Nephis sembla surprise par sa question.
« Bien sûr. Pourquoi ? »
Il parla sans tourner la tête, sa voix froide restant sans émotion et égale :
« Ulysse a quitté sa maison durant vingt longues années. Tout le monde le croyait mort, et de nombreux prétendants sont venus demander sa veuve en mariage. Elle les a refusés pendant un certain temps, mais ils ont insisté pour qu’elle fasse un choix. L’un d’entre eux était destiné au trône d’Ithaque. »
Sunny fit une pause, et poursuivit :
« Finalement, Ulysse est revenu et a infiltré le rassemblement des prétendants déguisé en mendiant. Il s’est introduit dans la maison même où vivaient ses ennemis. Aucun d’entre eux ne l’a reconnu, pensant qu’il était faible et ne représentait pas une menace. Ils avaient tort. »

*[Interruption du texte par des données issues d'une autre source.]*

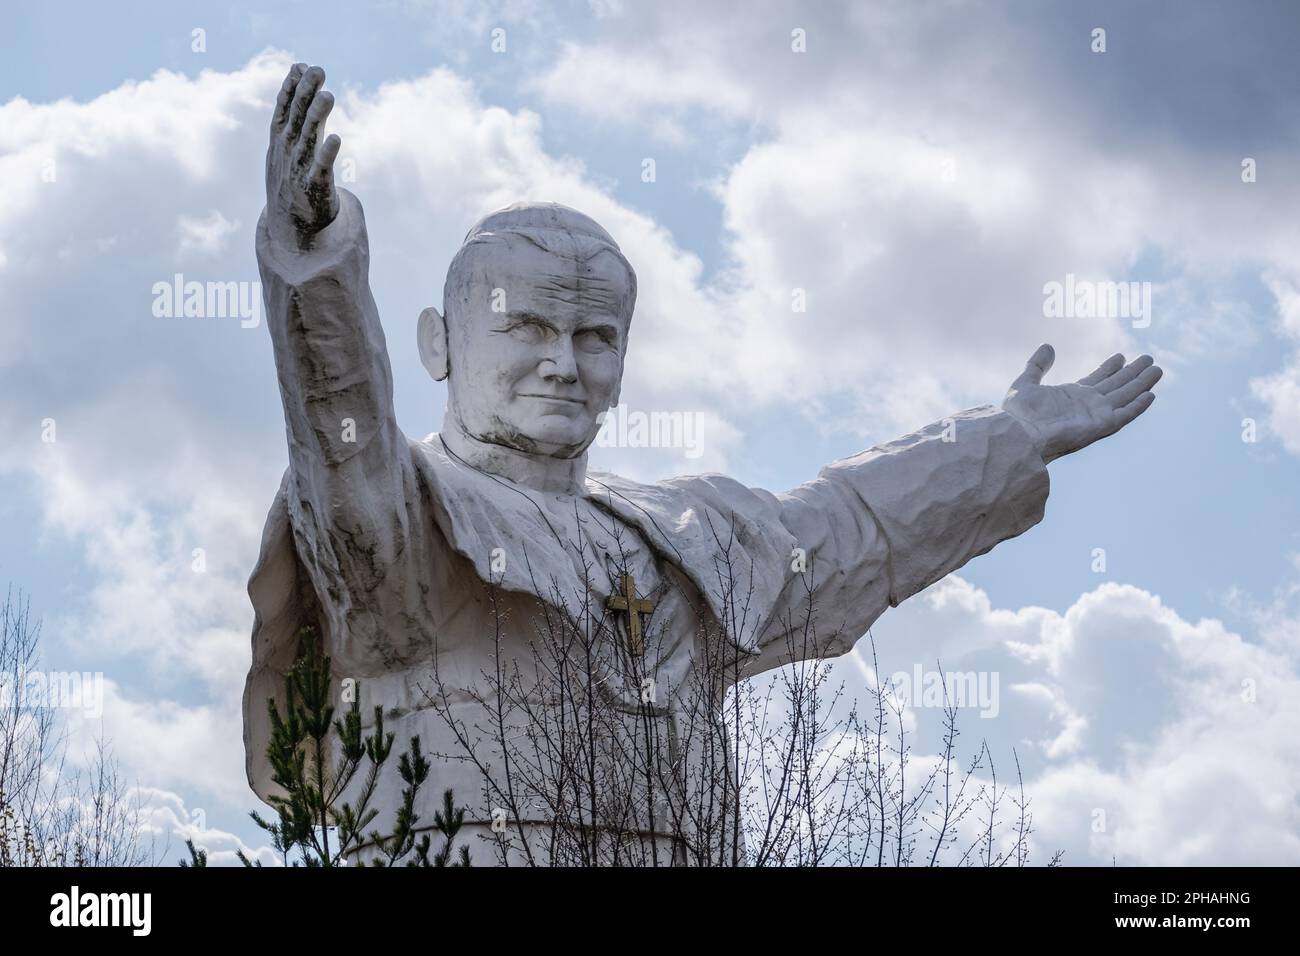 Blick auf das Denkmal für Johannes Paul II Das höchste Denkmal in Polen von Papst Johannes Paul dem Zweiten. Das Denkmal wurde 2013 erbaut und in Czestochowa platziert. Heute ist es vergessen. Keine Pilger kommen, um es zu sehen. Es bleibt allein unter den Bäumen. Stockfoto

La jungle bruissait autour d’eux tandis que sa voix devenait un peu plus sinistre :
« Ulysse a alors massacré sans pitié les prétendants, sans en épargner un seul. Non seulement cela, mais il a même tué sauvagement les servantes qui avaient été jugées déloyales. Un fleuve de sang a coulé ce jour-là, et des dizaines de personnes ont perdu la vie, le corps tranché et mutilé. Ma question est donc… »
Il s’arrêta et se retourna, faisant face à Nephis et à ses flammes d’un blanc pur.
« Ulysse n’est-il pas trop cruel ? »
Elle le regarda un moment, ses beaux yeux gris remplis de flammes dansantes.
Finalement, Nephis reprit son ton calme habituel :
« Vous n’avez jamais détesté personne, n’est-ce pas, Seigneur Shadow ? J’ai l’impression… que vous êtes un homme très gentil. »
Il rit.
« C’est une première. On m’a déjà traité de bien des choses, mais de gentil… je ne pense pas l’avoir déjà entendu. »
Il se détourna et continua à s’enfoncer dans la jungle.
« Vous vous trompez, d’ailleurs. Je connais aussi la haine. Je suis quelqu’un de très haineux, en fait… »
Certes, sa haine n’était sans doute pas aussi brûlante que la sienne.